TASK GOAL:
When you retype the data, keep every word exactly and include none of the pictures.

COLLECTED MATERIAL:
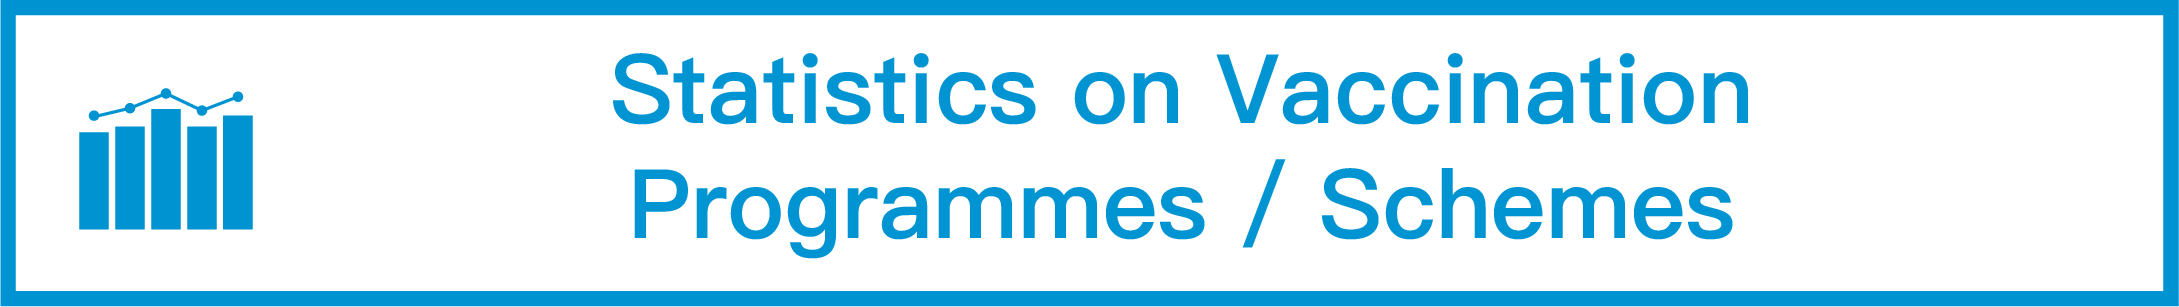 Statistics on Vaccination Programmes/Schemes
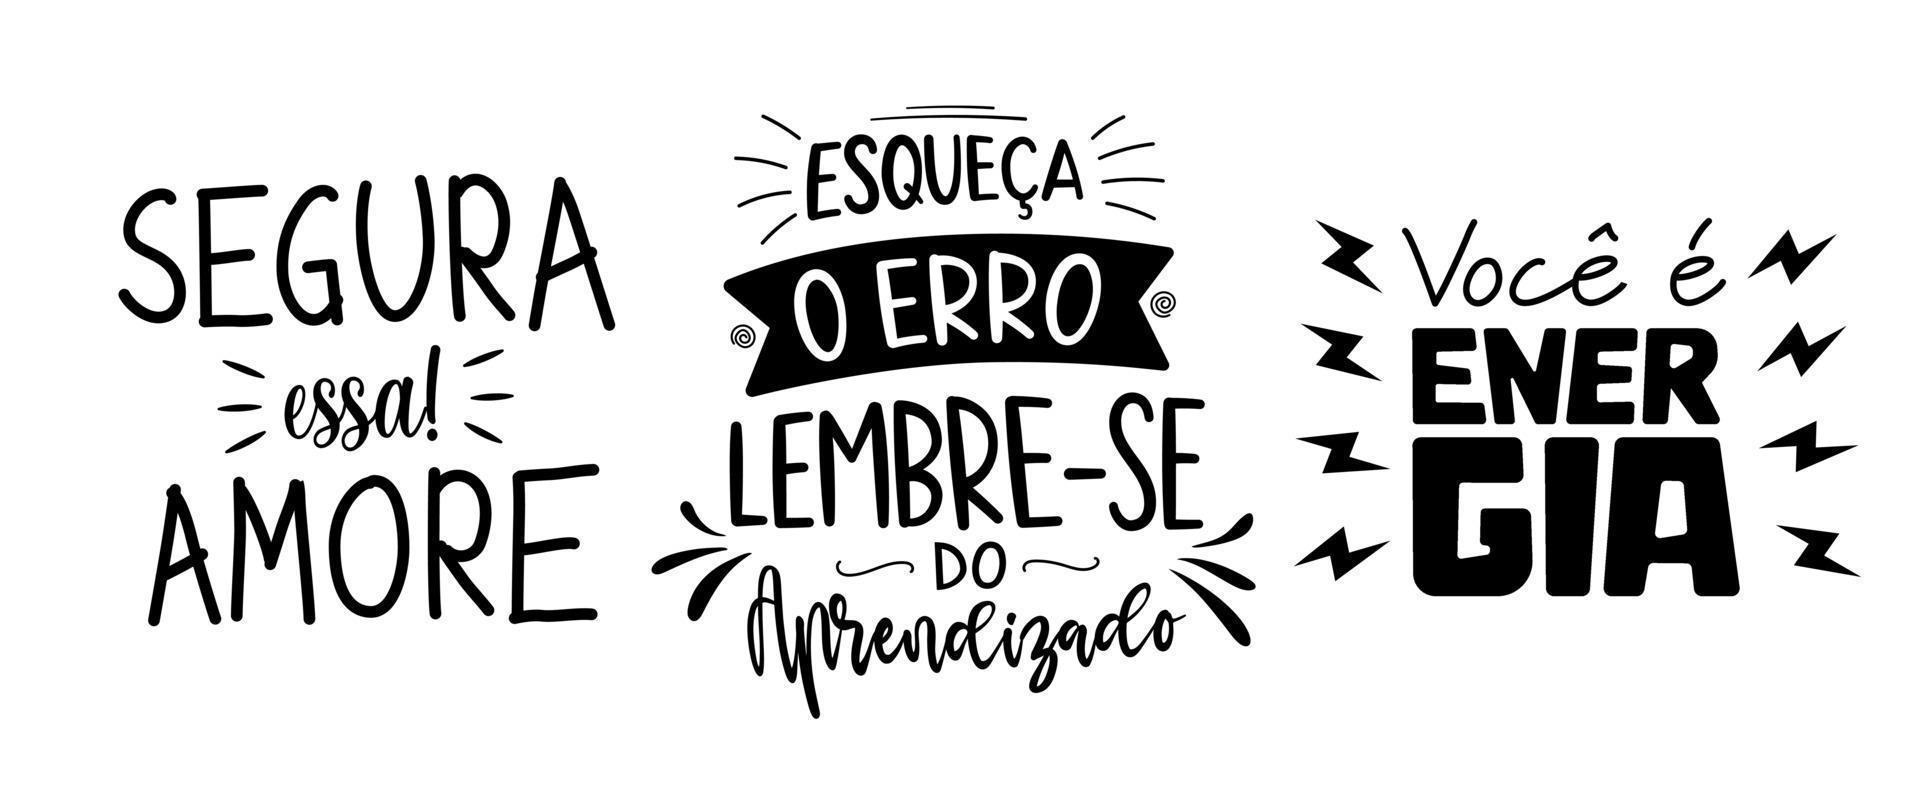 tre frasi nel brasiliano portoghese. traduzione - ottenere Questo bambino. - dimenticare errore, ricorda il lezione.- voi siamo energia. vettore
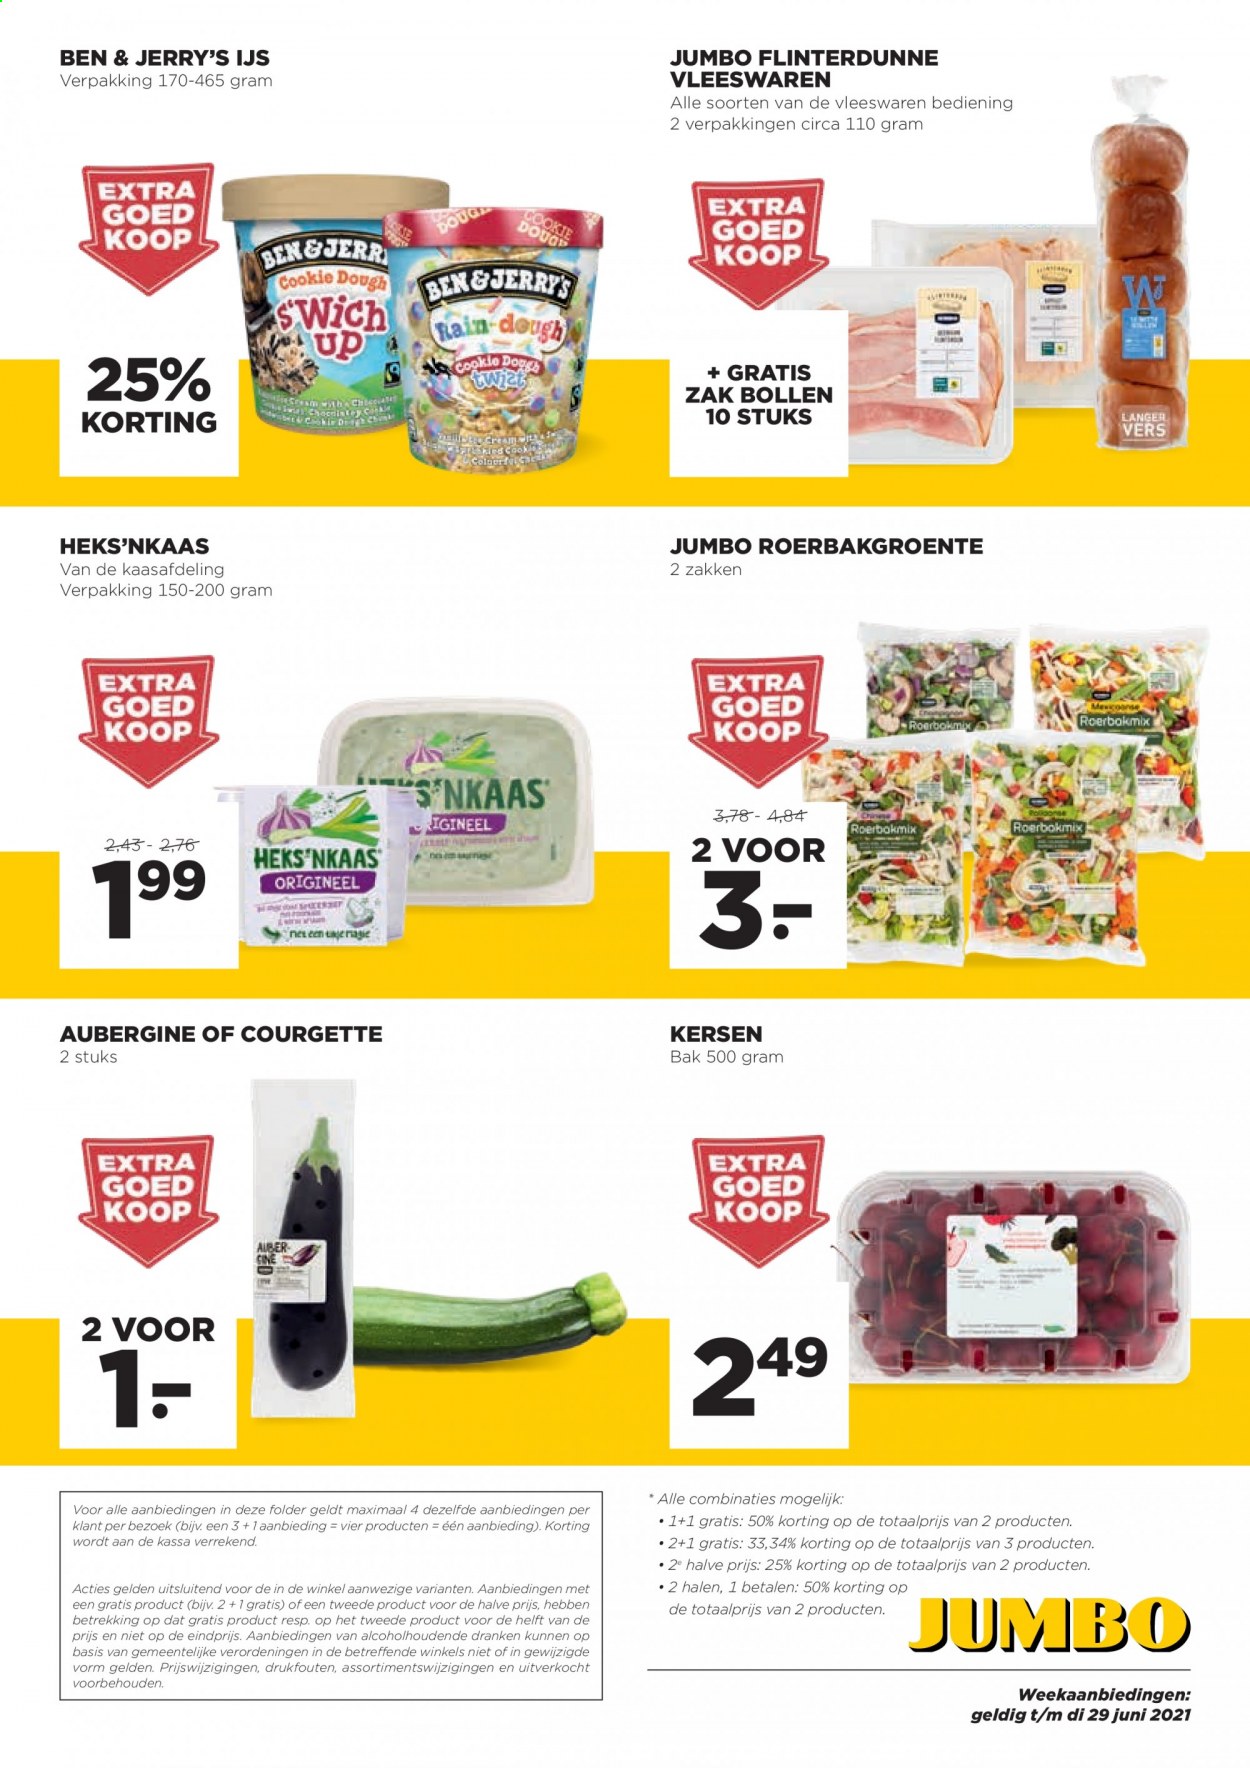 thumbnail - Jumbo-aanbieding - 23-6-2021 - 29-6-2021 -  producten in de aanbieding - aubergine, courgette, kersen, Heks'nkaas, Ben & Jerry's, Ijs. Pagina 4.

SOLUTION TO THIS EXERCISE:
 Statistics on Vaccination Programmes/Schemes
 tre frasi nel brasiliano portoghese. traduzione - ottenere Questo bambino. - dimenticare errore, ricorda il lezione.- voi siamo energia. vettore
 thumbnail - Jumbo-aanbieding - 23-6-2021 - 29-6-2021 -  producten in de aanbieding - aubergine, courgette, kersen, Heks'nkaas, Ben & Jerry's, Ijs. Pagina 4.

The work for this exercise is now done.